§ INPUT DATA:
-- Opening Marker --

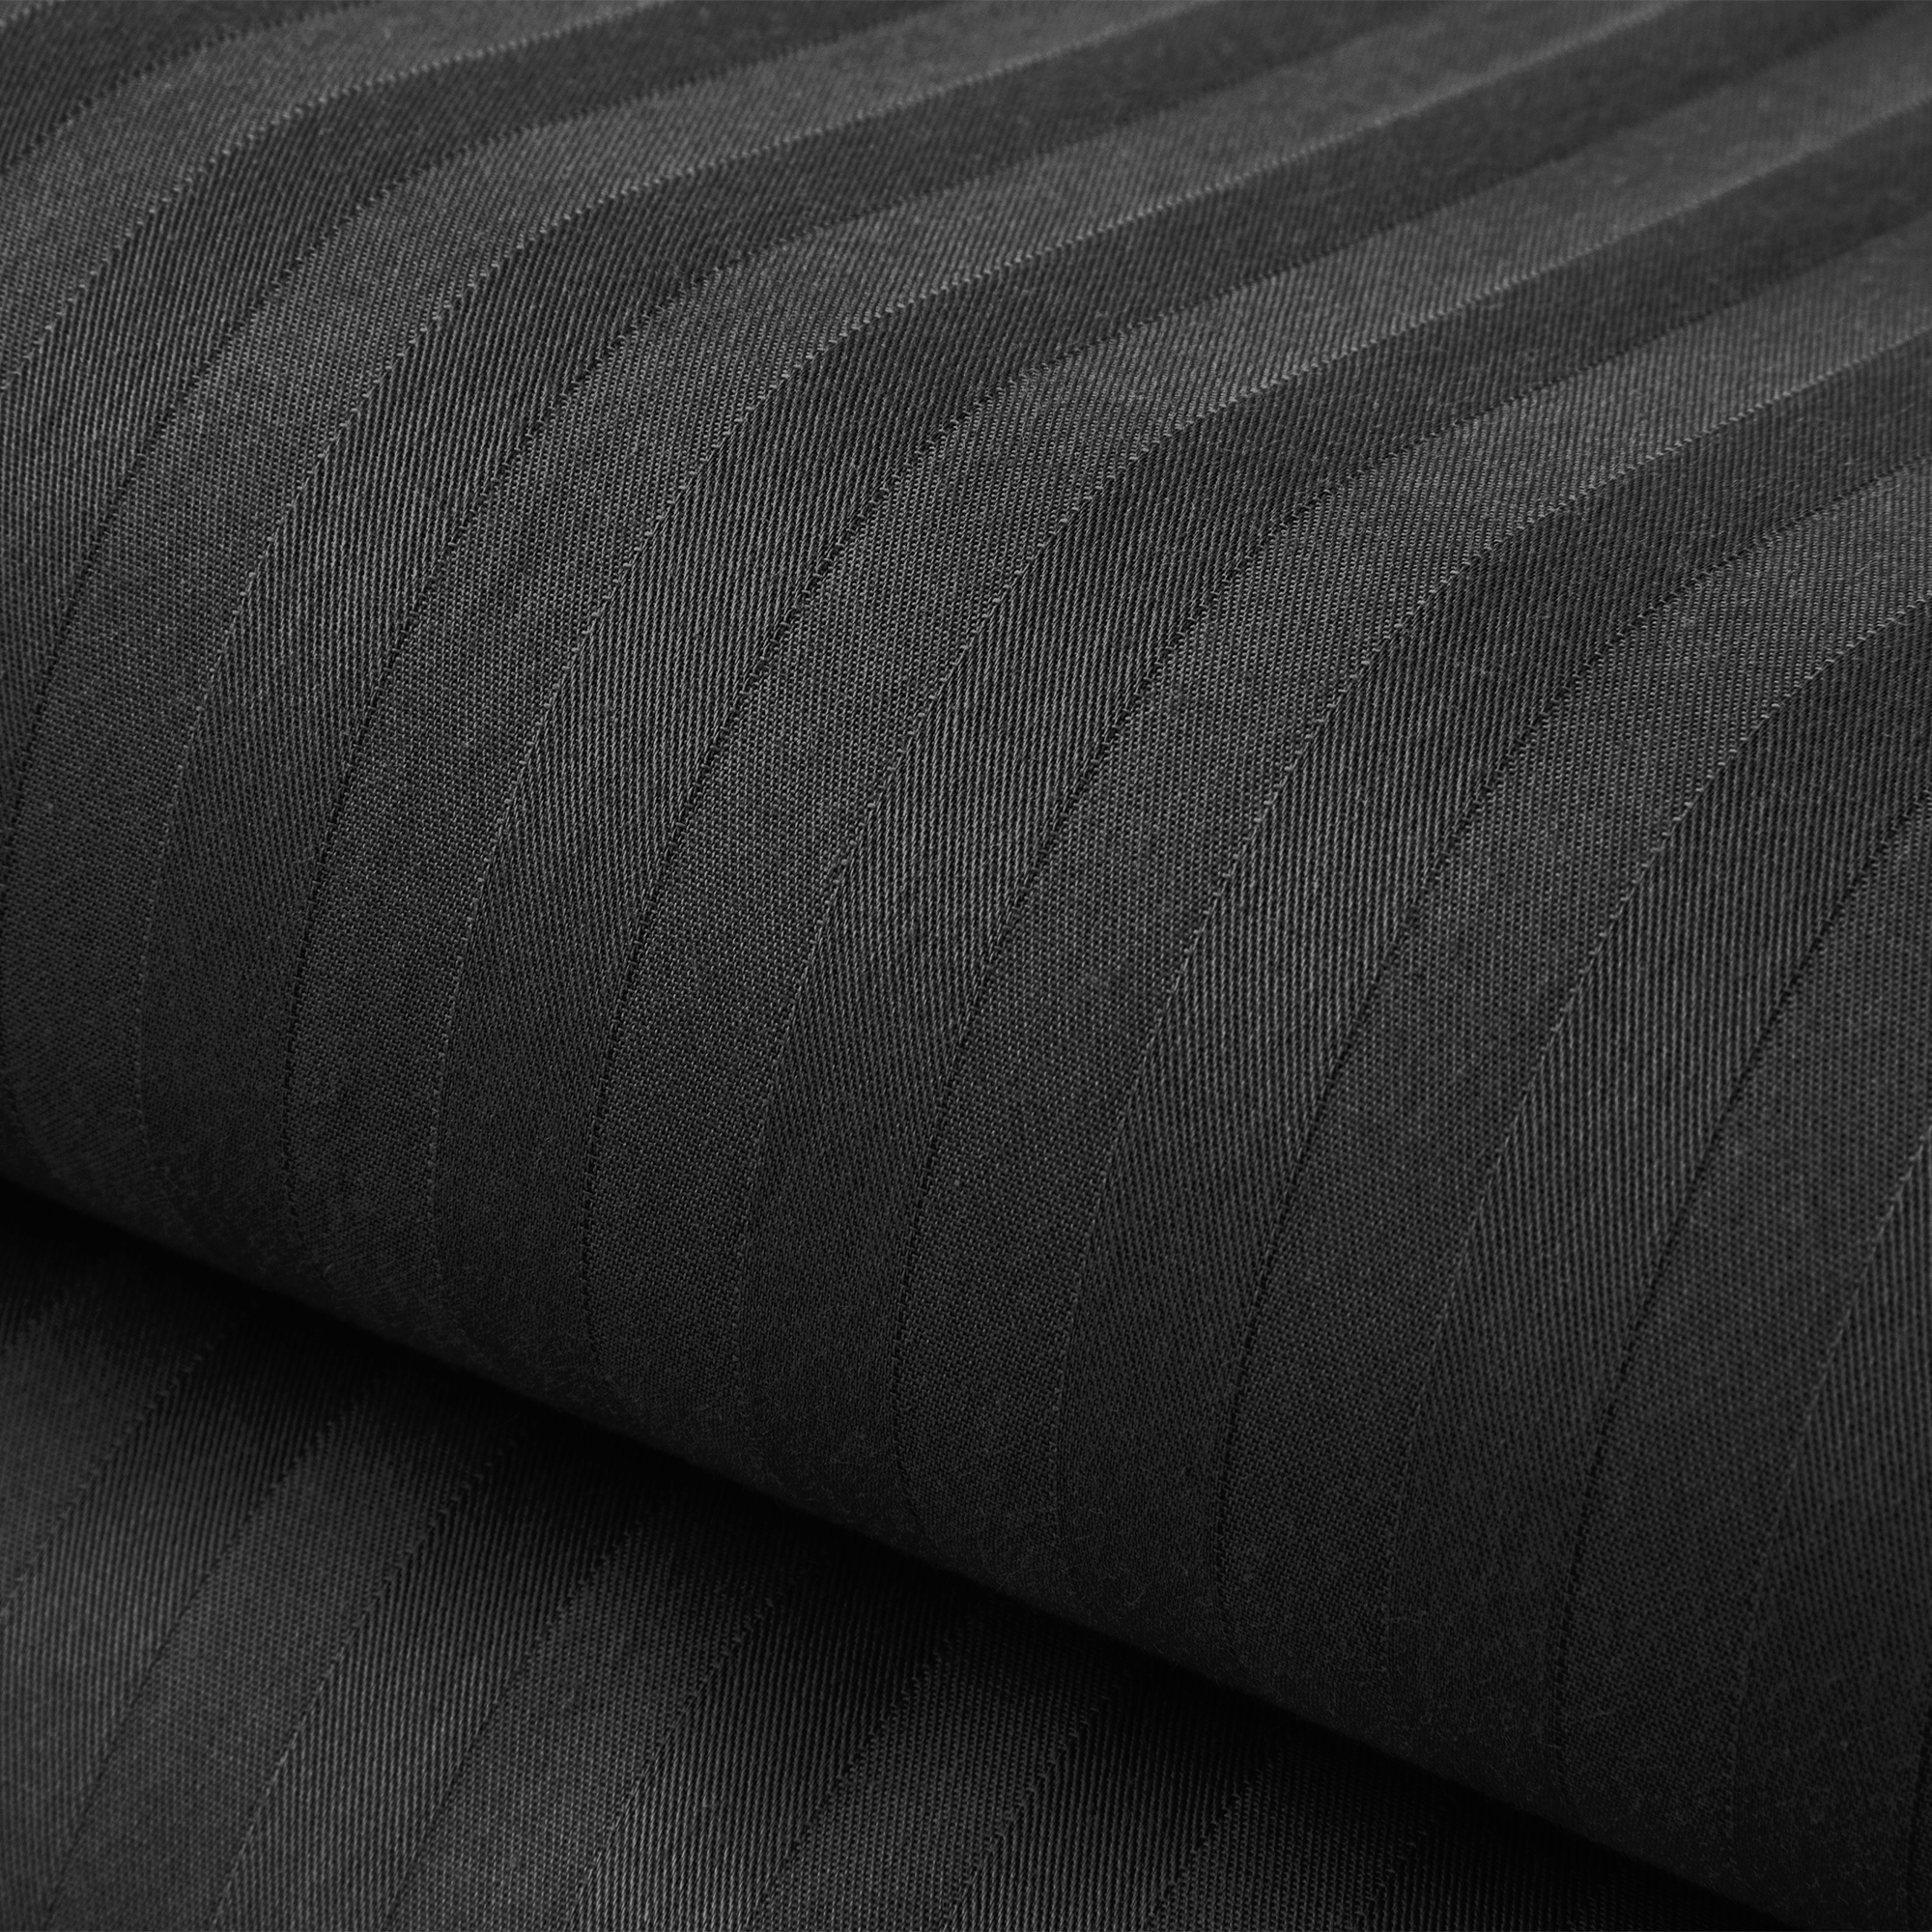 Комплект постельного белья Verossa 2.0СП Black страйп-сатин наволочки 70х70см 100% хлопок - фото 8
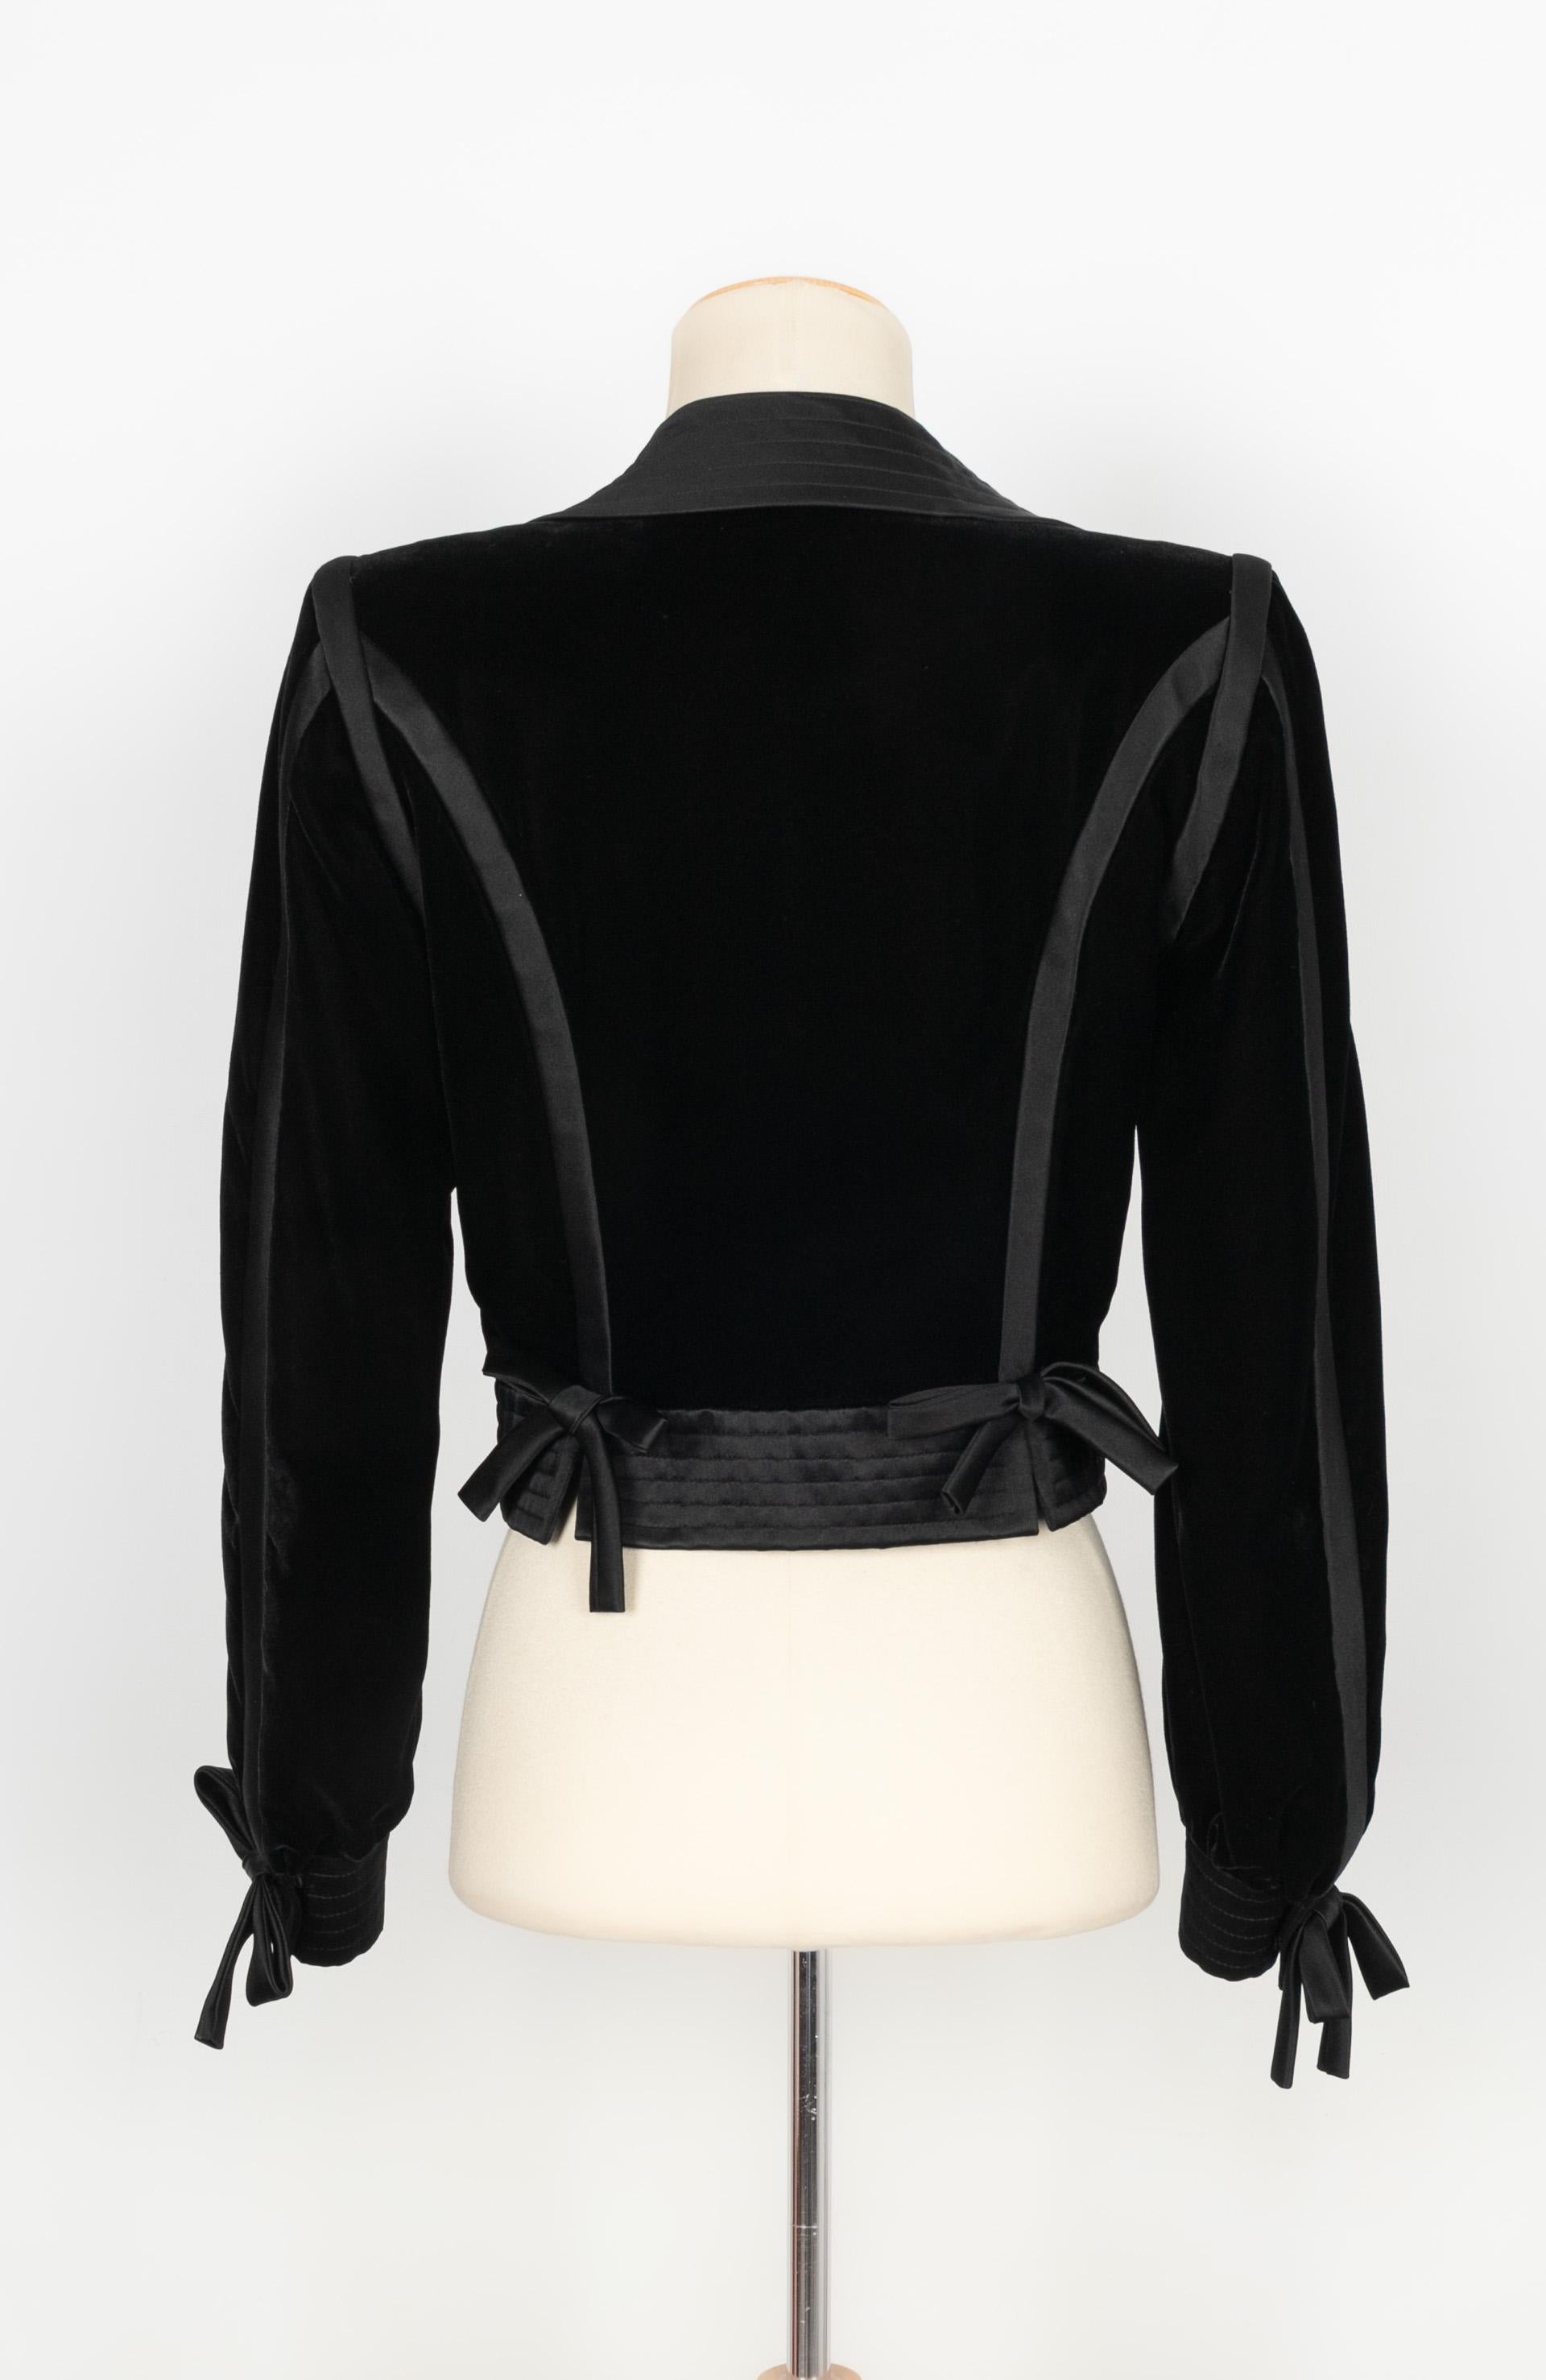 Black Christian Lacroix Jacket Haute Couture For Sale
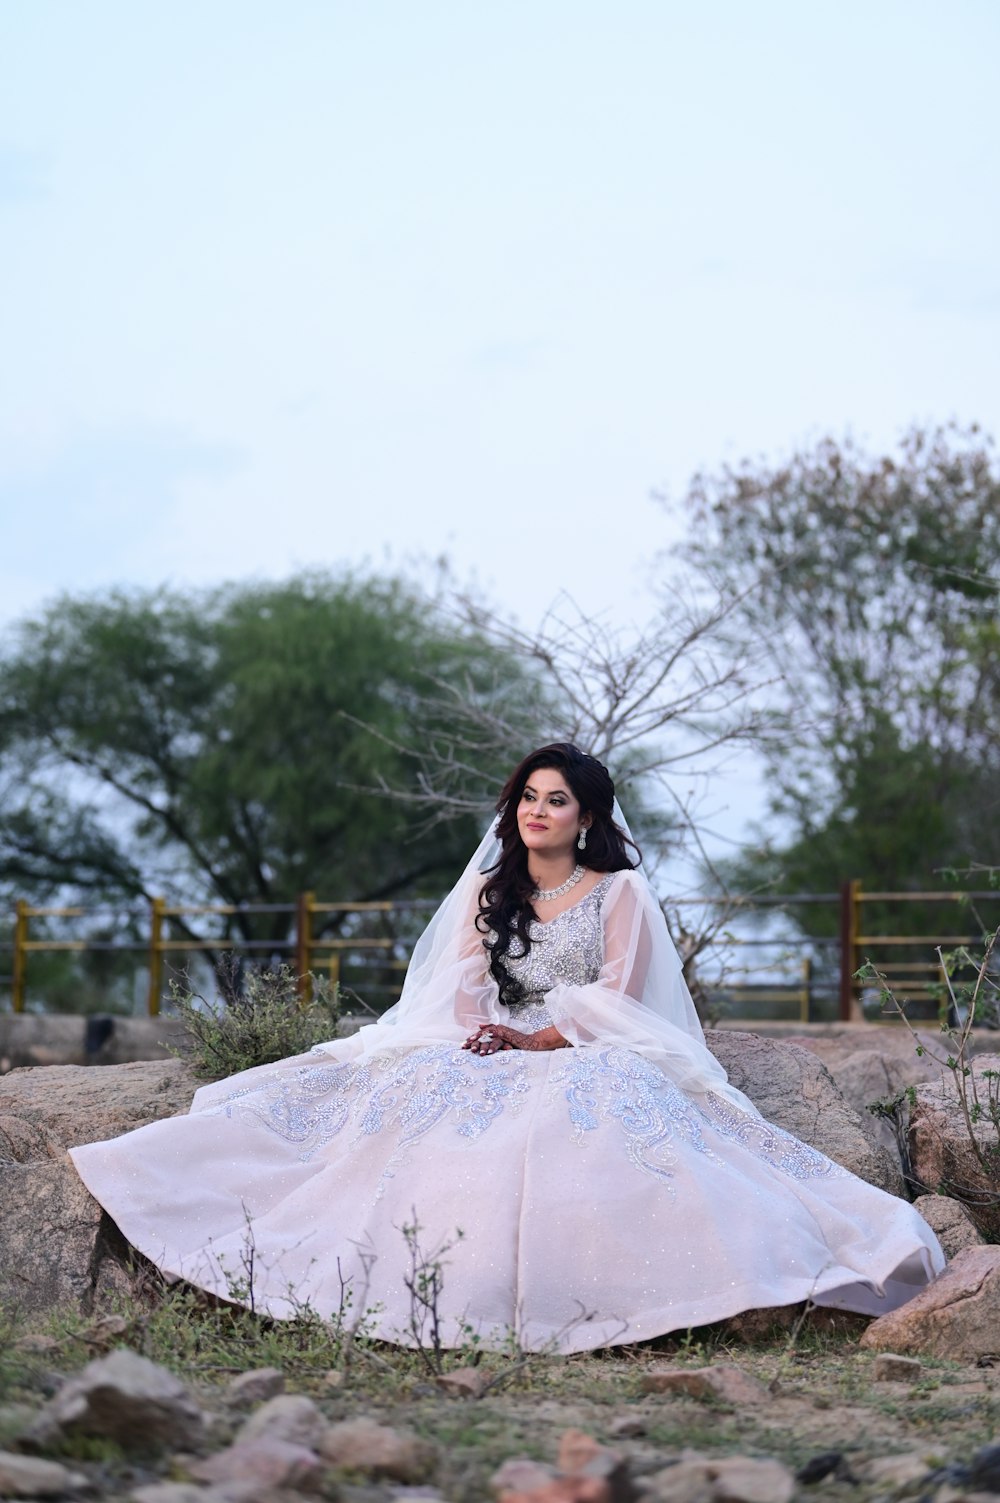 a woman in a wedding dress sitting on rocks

-- Closing Marker --

§ WHAT IS NEEDED: Set down exactly the lines between the one with "Black Christian Lacroix" and the last line of the material above, both included, but none of the pictures.

§ RESULT:
 Black Christian Lacroix Jacket Haute Couture For Sale
 a woman in a wedding dress sitting on rocks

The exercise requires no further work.